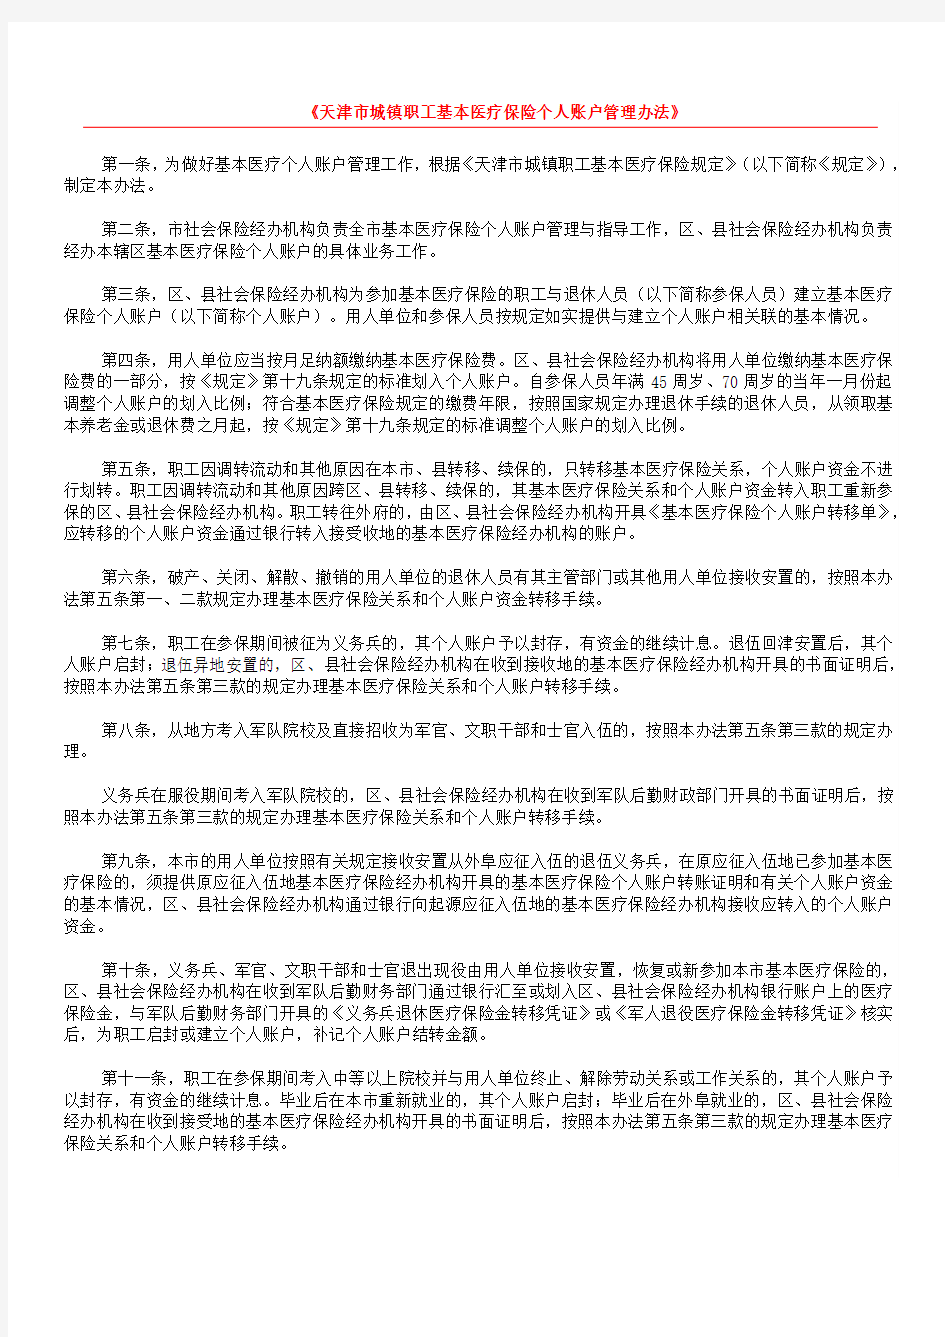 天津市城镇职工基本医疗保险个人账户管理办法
◆ ◆ ◆ ◆ ◆ ◆ ◆
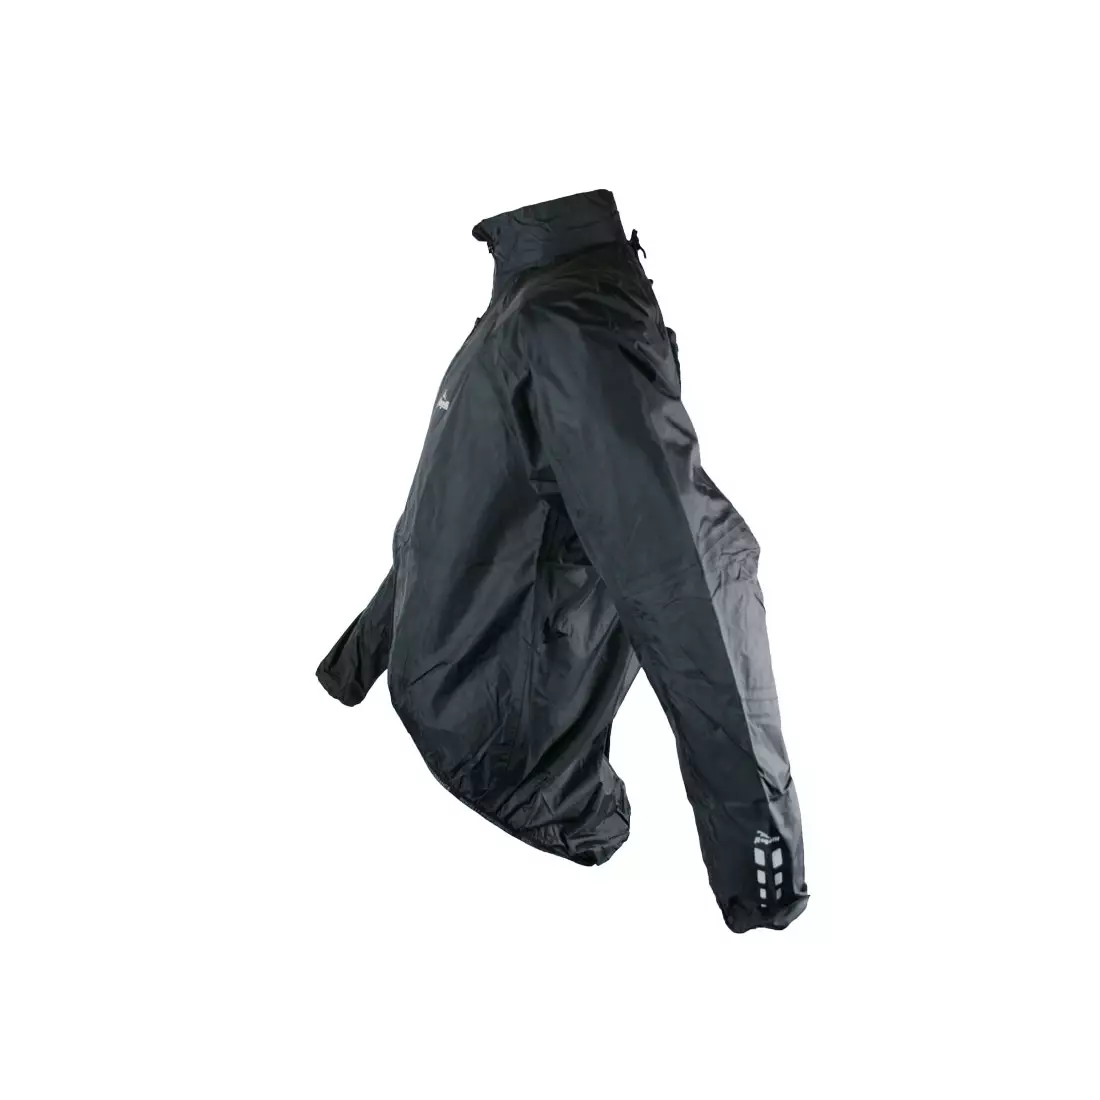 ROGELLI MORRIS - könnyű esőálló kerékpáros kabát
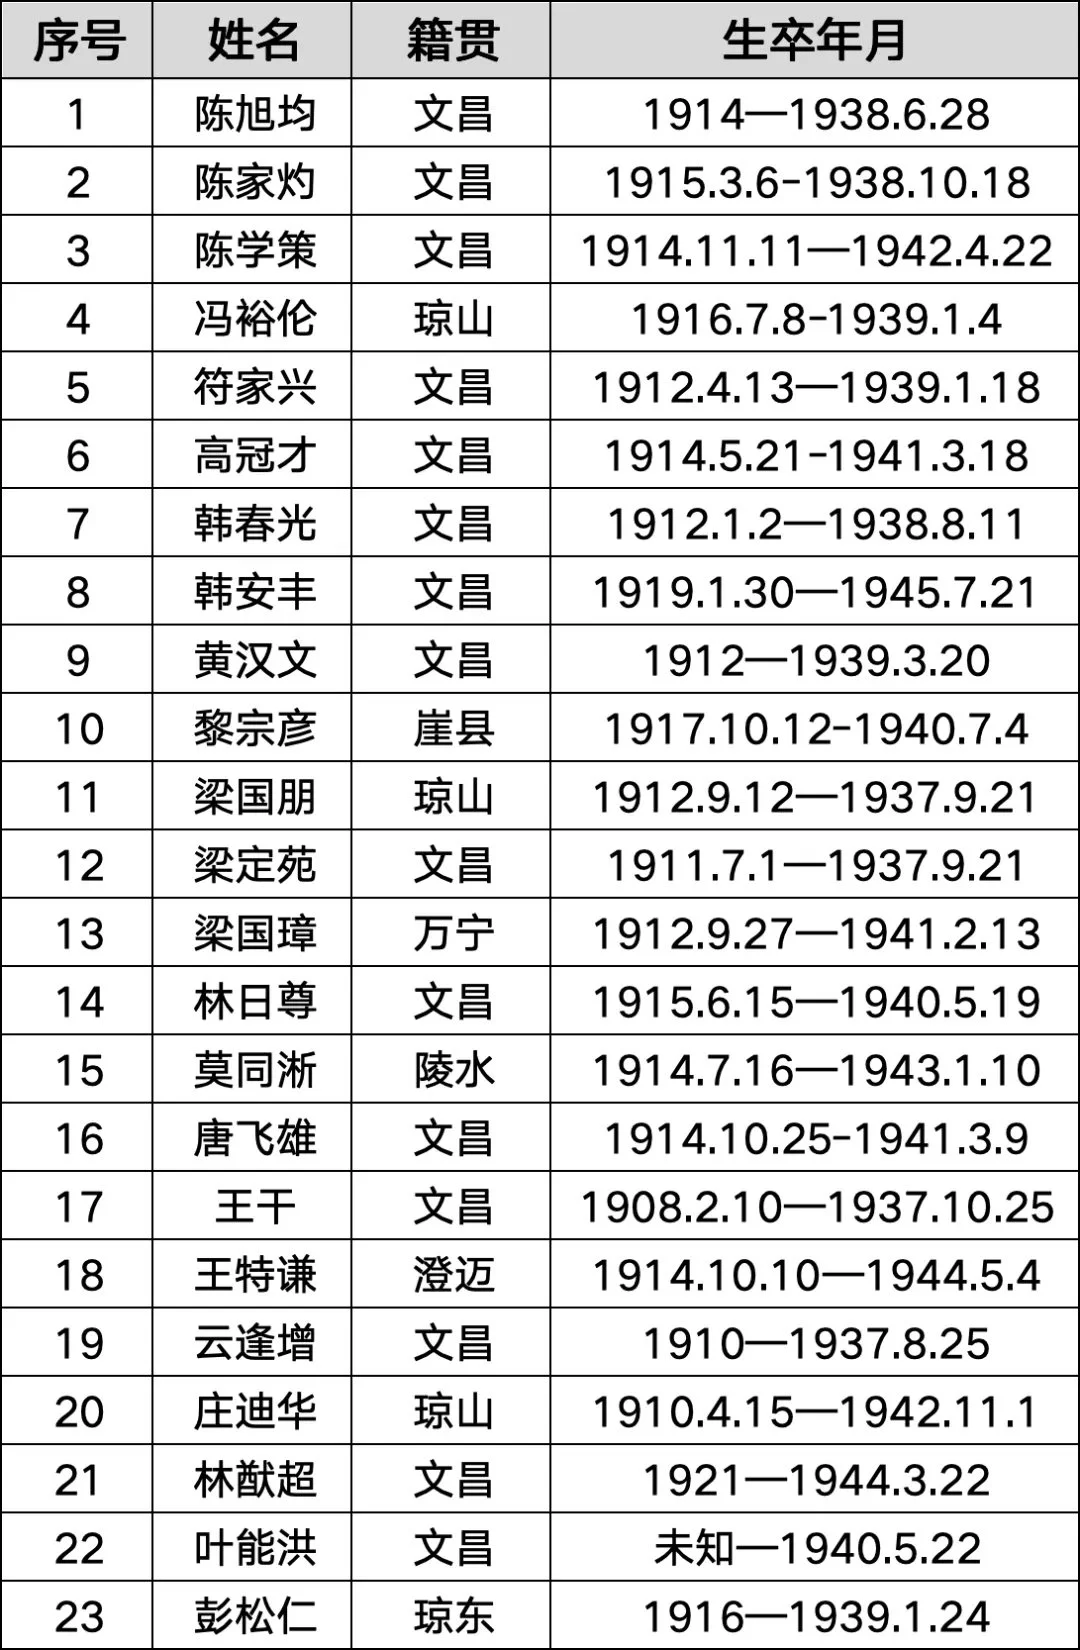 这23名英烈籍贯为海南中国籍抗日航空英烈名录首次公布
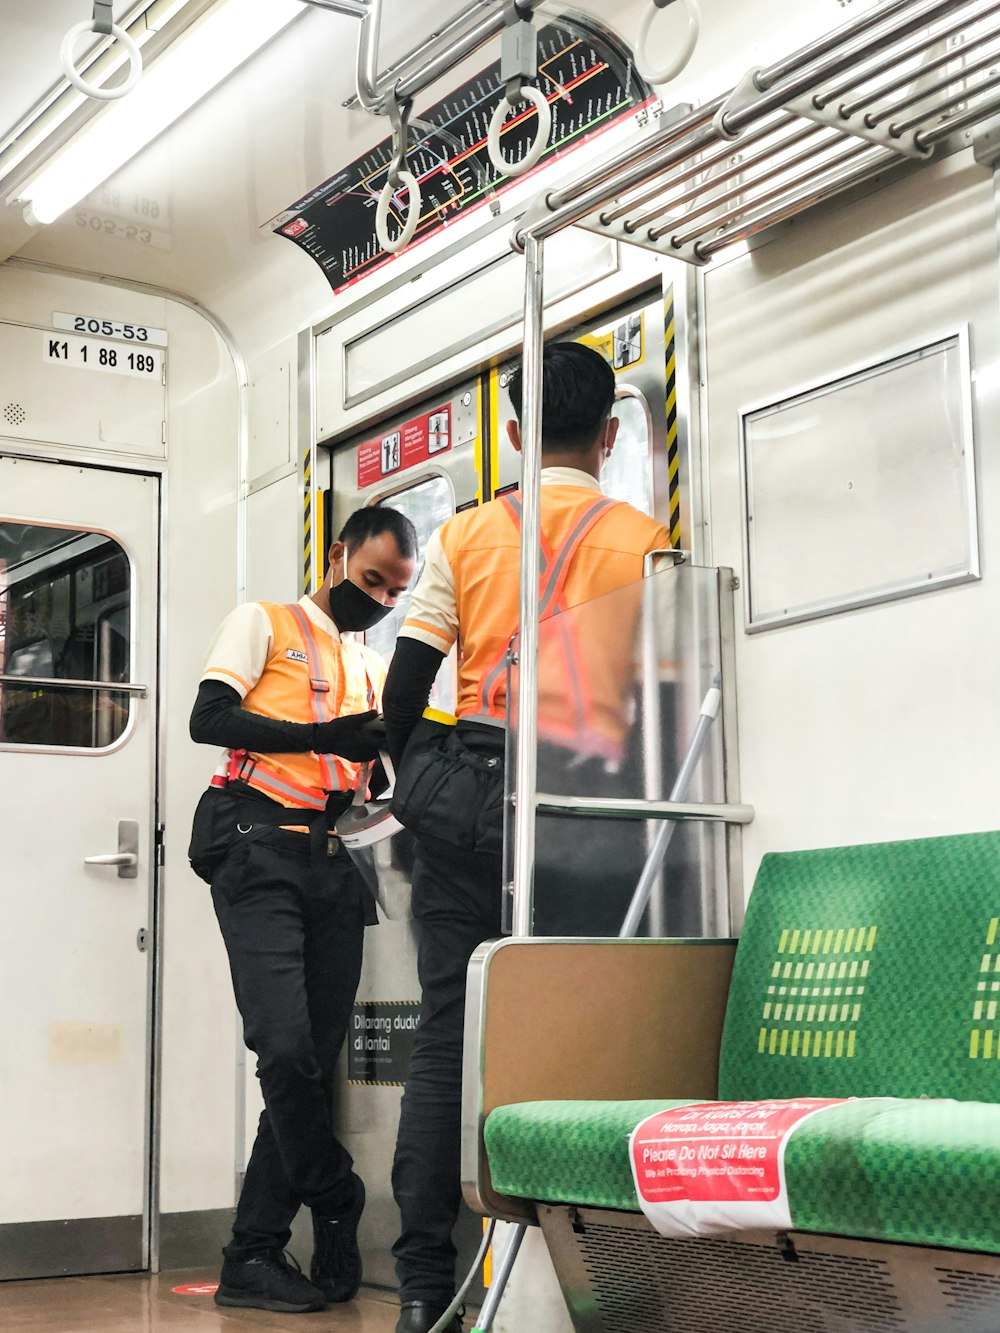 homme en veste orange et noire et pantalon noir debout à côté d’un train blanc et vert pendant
◆ ◆ ◆ ◆ ◆ ◆ ◆
What to produce —
Copy out the listing above from the line containing "ROGELLI MORRIS - könnyű" to the line containing "homme en veste", both included, exactly as written and minus the images.

Exercise output —
 ROGELLI MORRIS - könnyű esőálló kerékpáros kabát
 这23名英烈籍贯为海南中国籍抗日航空英烈名录首次公布
 homme en veste orange et noire et pantalon noir debout à côté d’un train blanc et vert pendant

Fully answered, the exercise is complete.